Agnieszka z „Rolnik szuka żony” w ogniu krytyki
Waldemar to jednak niejedyny uczestnik najnowszej edycji programu „Rolnik szuka żony”, który w ostatnim czasie znalazł się w ogniu krytyki ze strony internautów. W podobnej sytuacji znalazła się także Agnieszka, na której widzowie nie zostawili suchej nitki. Pod jednym z fragmentów programu zamieszczonym na oficjalnym facebookowym profilu formatu posypały się komentarze, krytykujące rolniczkę za jej sposób bycia i sposób komunikacji z kandydatami na męża :
- Ci to już chyba się zorientowali, że trzeba wiać… I ona chyba też czuje, że nic z tego nie będzie, mnie przez ekran irytowała, a co dopiero się działo tam. Tu nie ma swobodnej atmosfery, żartów, rozmów, punktuje ich na każdym kroku. Nie wiem, co by tu się musiało zdarzyć, by coś z tego było.
- Co za kierowniczka.
- Mogę się założyć, że dalej będzie sama. A jak znajdzie kogoś, to na bardzo krótki czas, bo nikt z nią nie wytrzyma.

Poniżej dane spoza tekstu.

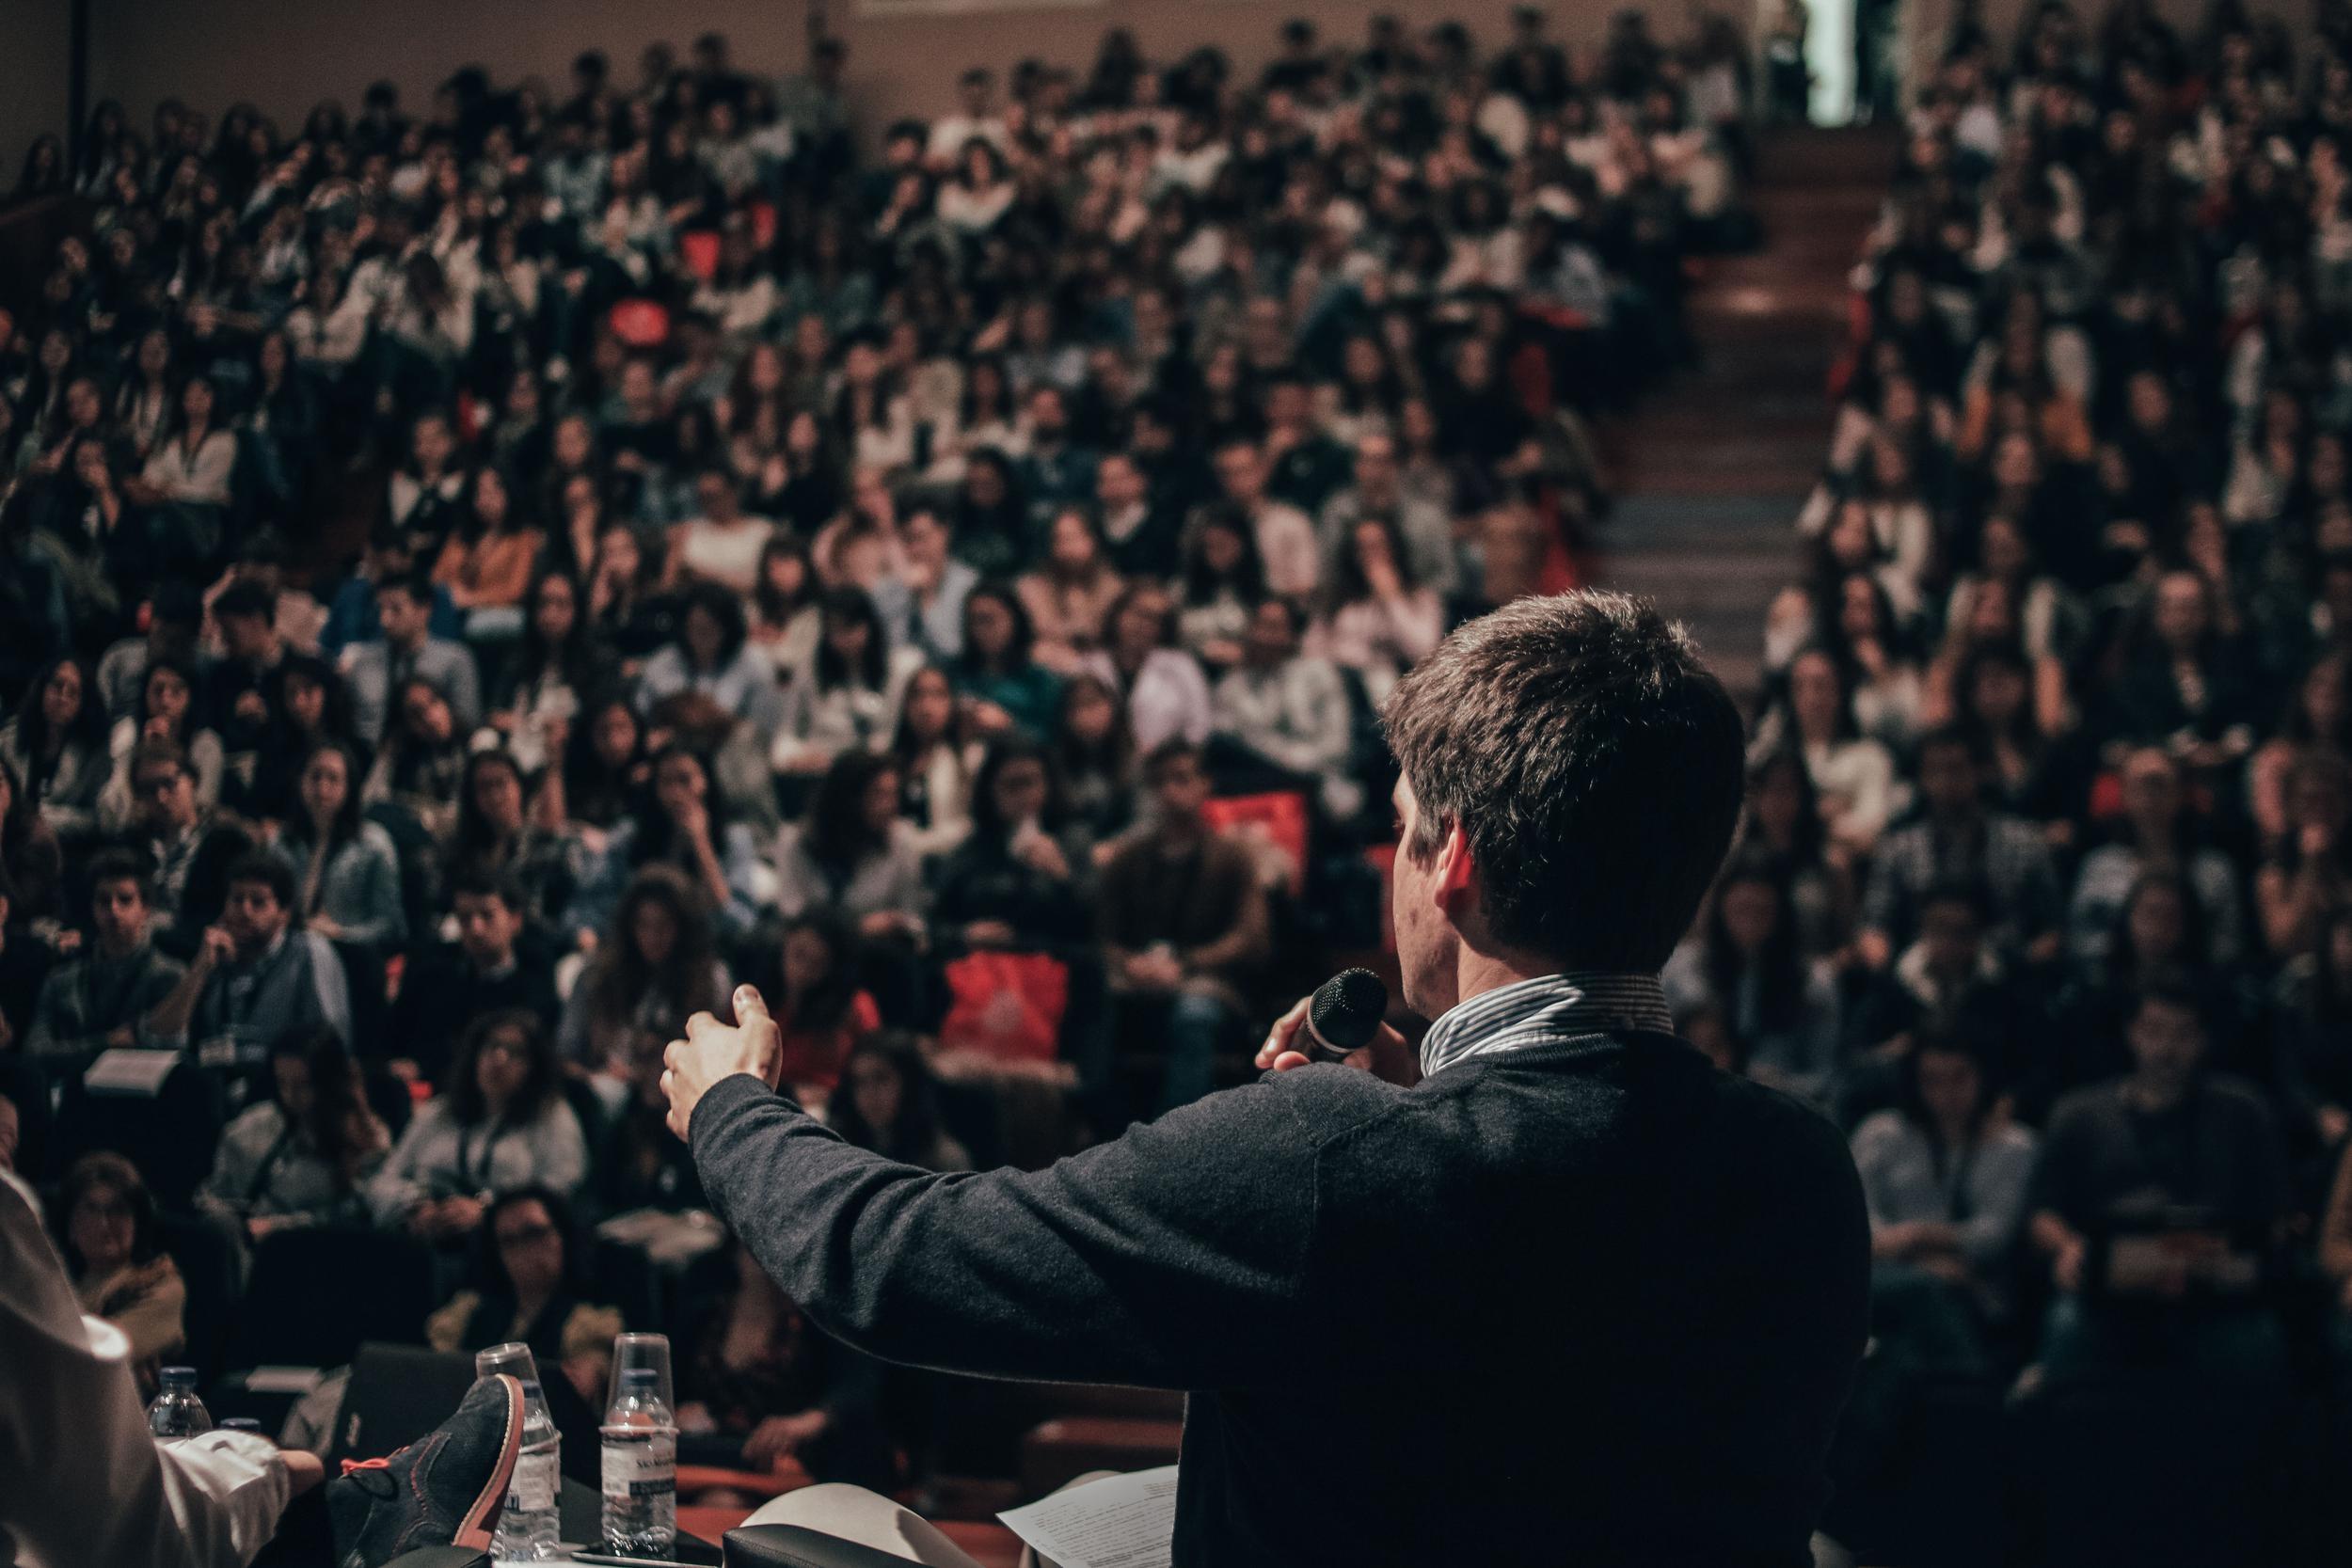 public speaking-unsplash.jpg

- Ona jest sztywna jak kij od szczotki. Ten biedak żartuje, śmieje się, a ta oburzona.
- (…) pogorszyło się jej coś. Warczy jak pies na koty. Ciężko będzie znaleźć partnera takiej kobiecie.
- Miałam identyczne odczucia, jeszcze mówię mężowi w trakcie trwania programu „Niech te chłopy uciekają jak najszybciej”… wstrętna baba.